DATA FOR REVIEW |
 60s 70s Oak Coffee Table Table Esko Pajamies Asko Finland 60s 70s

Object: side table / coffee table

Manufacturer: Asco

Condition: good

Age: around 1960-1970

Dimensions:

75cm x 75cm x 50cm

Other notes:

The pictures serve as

TASK | Nothing but the lines from the one containing "75cm x 75cm x 50cm" through the last line of the listing should be output, each exactly as written.

OUTPUT |
75cm x 75cm x 50cm

Other notes:

The pictures serve as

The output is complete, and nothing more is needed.